To provide protection to whistle blowers, Public Interest Disclosure and Protection to Persons Making the Disclosures Bill, 2010 was introduced in the Parliament. The Bill passed by the Lok Sabha in 2011 was renamed as the ‘Whistle Blowers Protection Bill, 2011’. The Bill contains provisions to provide adequate safeguards against victimisation of the person making disclosure on any allegation of corruption or wilful misuse of power or wilful misuse of discretion against any public servant. However, the Bill does not address the protection to be provided to whistle blowers in the private sector.
To protect the informers/whistle blowers in absence of any concrete legislation on whistle blower protection, the judiciary has from time to time directed the Indian Government to formulate suitable guidelines/regulations to protect the whistle blowers. In this regard, the Supreme Court while hearing a writ petition regarding the murder of Satendra Dubey, who exposed corruption in NHRI, directed the government to form a suitable machinery for acting on complains from whistle blowers until a suitable legislation is enacted.
The Narayana Murthy Committee appointed by the SEBI in 2002 proposed that a whistle blower policy should be made mandatory for listed companies in India. The recommendations stressed the need for employees of company to have access to the company’s audit committee without necessarily informing the superiors. However, after stiff resistance from the corporate sector, it was made optional. Thus, as per Clause 49 of the Listing Agreement, the Whistle blower Policy is a non-mandatory requirement. As per this policy, every employee is encouraged to come out with their complaints as to any kind of misuse of company’s properties, mismanagement or wrongful conduct prevailing in the company, if any. Whistle blower could be a “present employee” or an “ex-employee” and he has to blow the whistle to the Audit Committee of the company either through phone or through written communication with relevant information without fear of retaliation of any kind. Corporate Governance Voluntary Guidelines, 2009 issued by the Ministry of Corporate Affairs provide:
“The companies should ensure the institution of a mechanism for employees to report concerns about unethical behaviour, actual or suspected fraud, or violation of the company’s code of conduct or ethics policy. The companies should also provide for adequate safeguards against victimization of employees who avail of the mechanism, and also allow direct access to the Chairperson of the Audit Committee in exceptional cases”.
Being non-mandatory, the choice of adoption of the policy on whistle-blowing is left to the listed company to decide. Unfortunately, not many companies have opted for this policy. Fear of abuse of such a mechanism by people to settle scores or personal vendetta seems to be the reasons holding back most of the companies from implementing the policy.
The Companies Act, 2013 has the specific provisions on establishing whistle-blowing mechanism by a listed public company.
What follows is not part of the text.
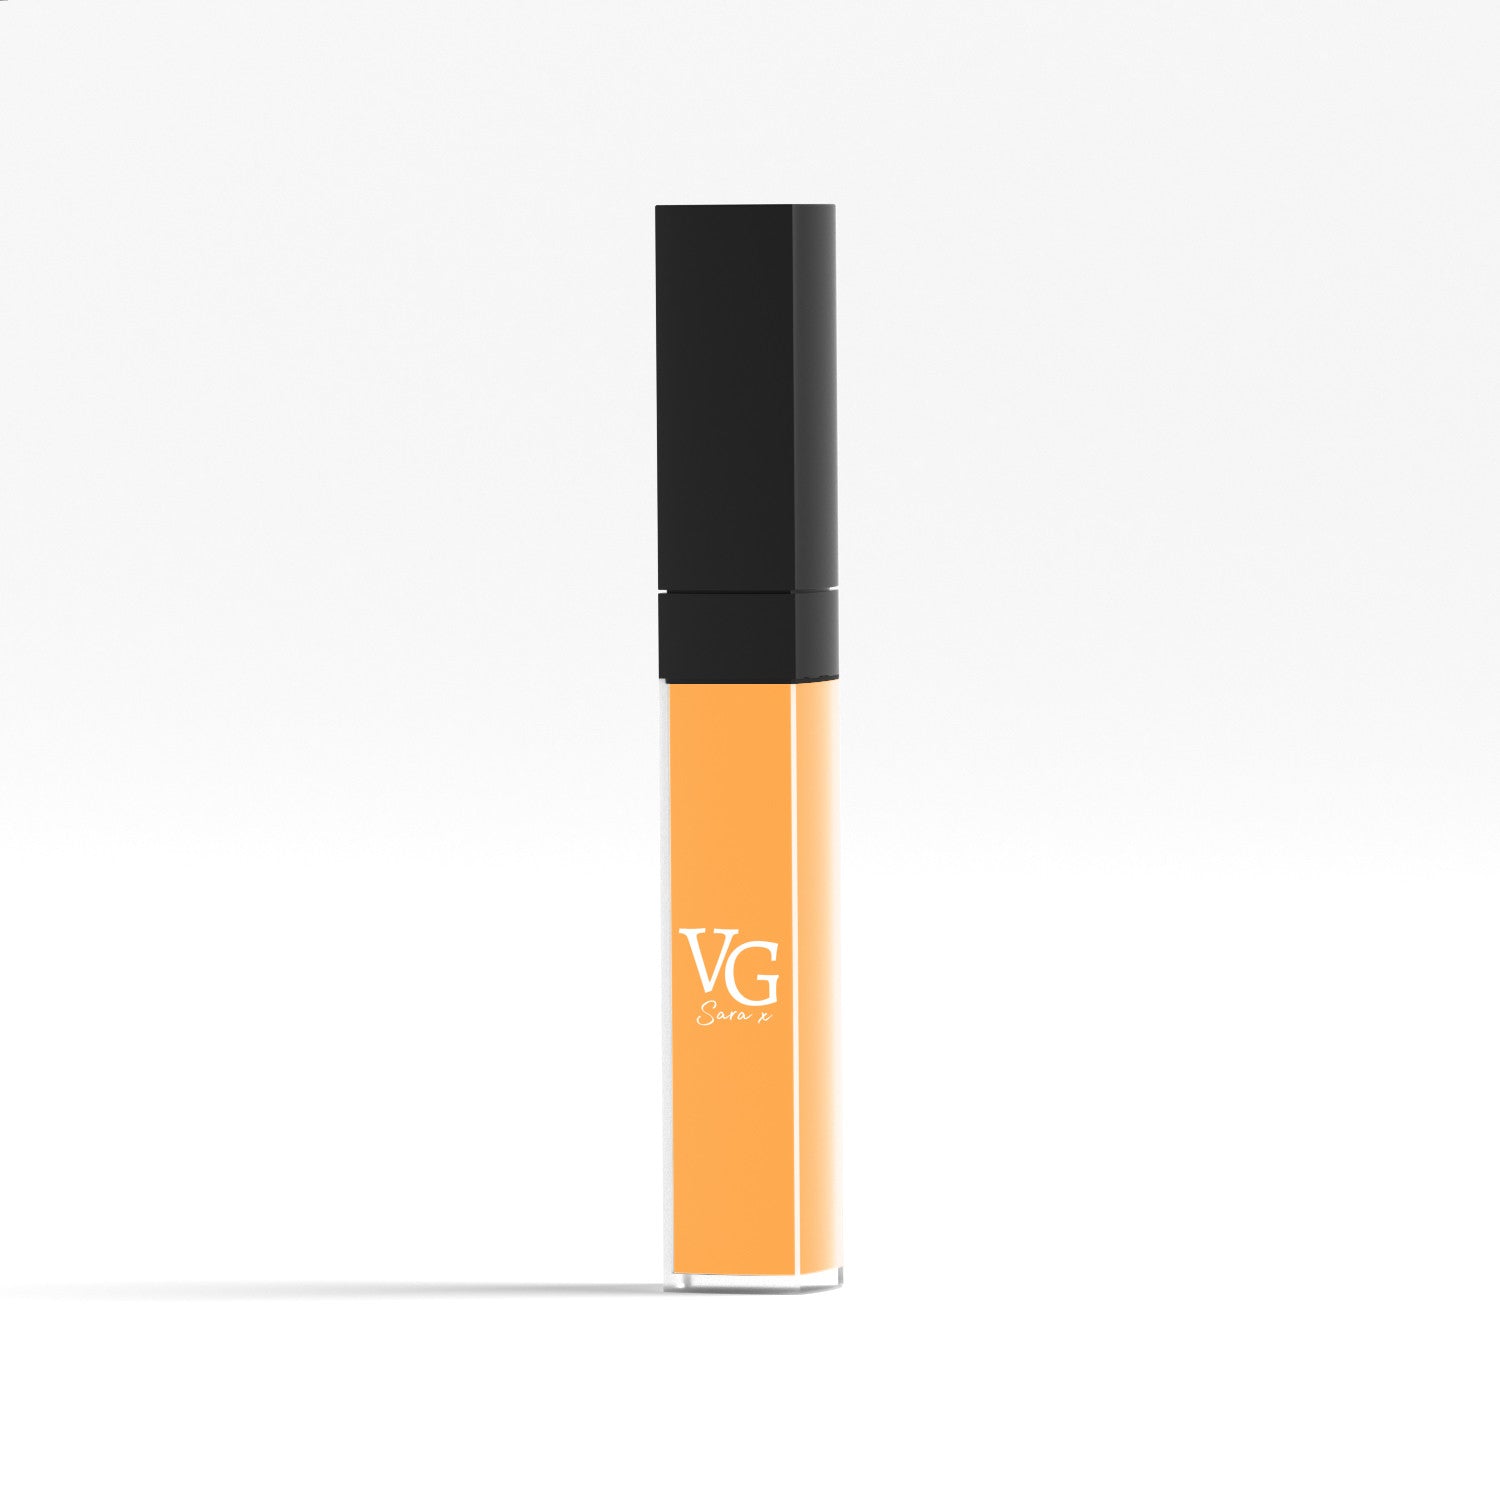 Vegan liquid lipstick by VG in sleek tube packaging

Section 177 of the Act provides that:
(1) Every listed company or such class or classes of companies, as may be prescribed, shall establish a vigil mechanism for directors and employees to report genuine concerns in such manner as may be prescribed.
(2) The vigil mechanism under shall provide for adequate safeguards against victimisation of persons who use such mechanism and make provision for direct access to the chairperson of the Audit Committee in appropriate or exceptional cases. The details of establishment of such mechanism shall be disclosed by the company on its website, if any, and in the Board’s report.
3. Insider Trading
Meaning
Insider trading refers to purchase or sale of shares by someone on the basis of non-public price sensitive information and using confidential information to make a profit or avoid a loss at the expense of other co-investors.
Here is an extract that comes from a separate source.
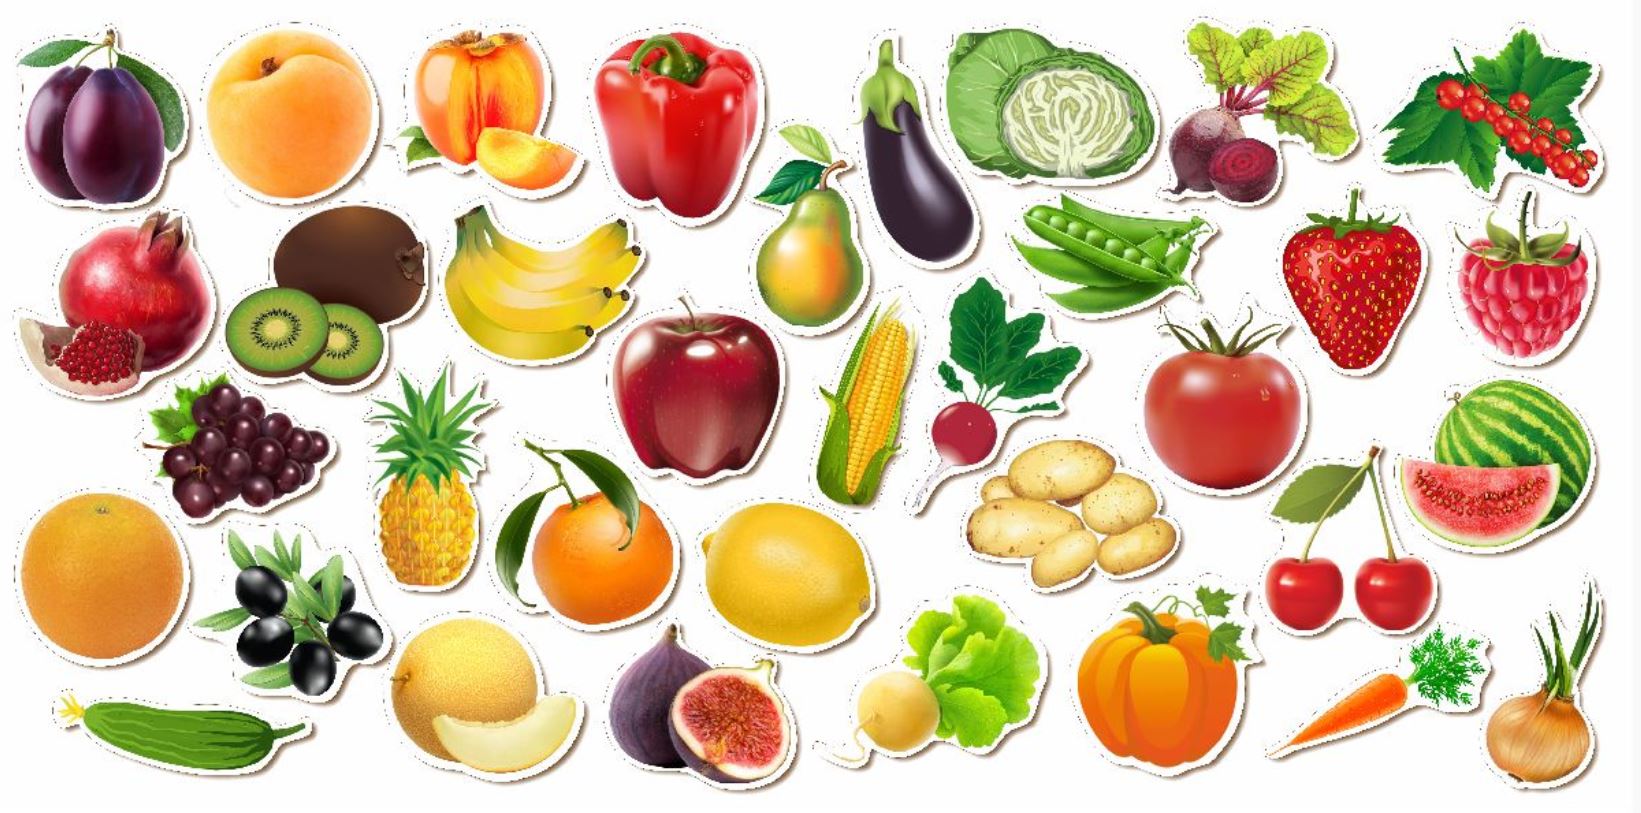 Овощи и фрукты для детей

In various countries insider trading based on inside information is illegal. This is because insider trading is unfair to other investors who do not have access to the information. The rules around insider trading are complex and vary significantly from country to country and enforcement is mixed.
Definition of “insider”
The definition of insider can be very wide and may not only cover insiders in a company but also any person related to them such as brokers, associates and even family members. Any person who becomes aware of non-public information and trades on that basis may be guilty of insider trading.
Corporate insiders are company’s officers, directors and any beneficial owners of more than 10% of a class of the company’s equity securities. Trades made by these types of insiders in the company’s own stock, based on material non-public information, are considered fraudulent. For example, illegal insider trading would occur if the finance manager of Company A prior to a public announcement of the quarterly results buy shares in Company A anticipating that share price would rise on declaration of high profits.
In many countries “insiders” are not just limited to corporate officials and major shareholders where illegal insider trading is concerned but can include any individual who trades shares based on material non-public information. For example, in cases of where an executive of the company “tips” a friend about non-public information likely to have an effect on the company’s share price, and that person trades on that basis.
However, all trading on information is not illegal insider trading. For example, a person in a restaurant who hears the CEO of Company A at the next table tell the CFO that the company’s profits will be higher than expected and then buys the stock is not guilty of insider trading—unless he has closer connection to the company or company officers.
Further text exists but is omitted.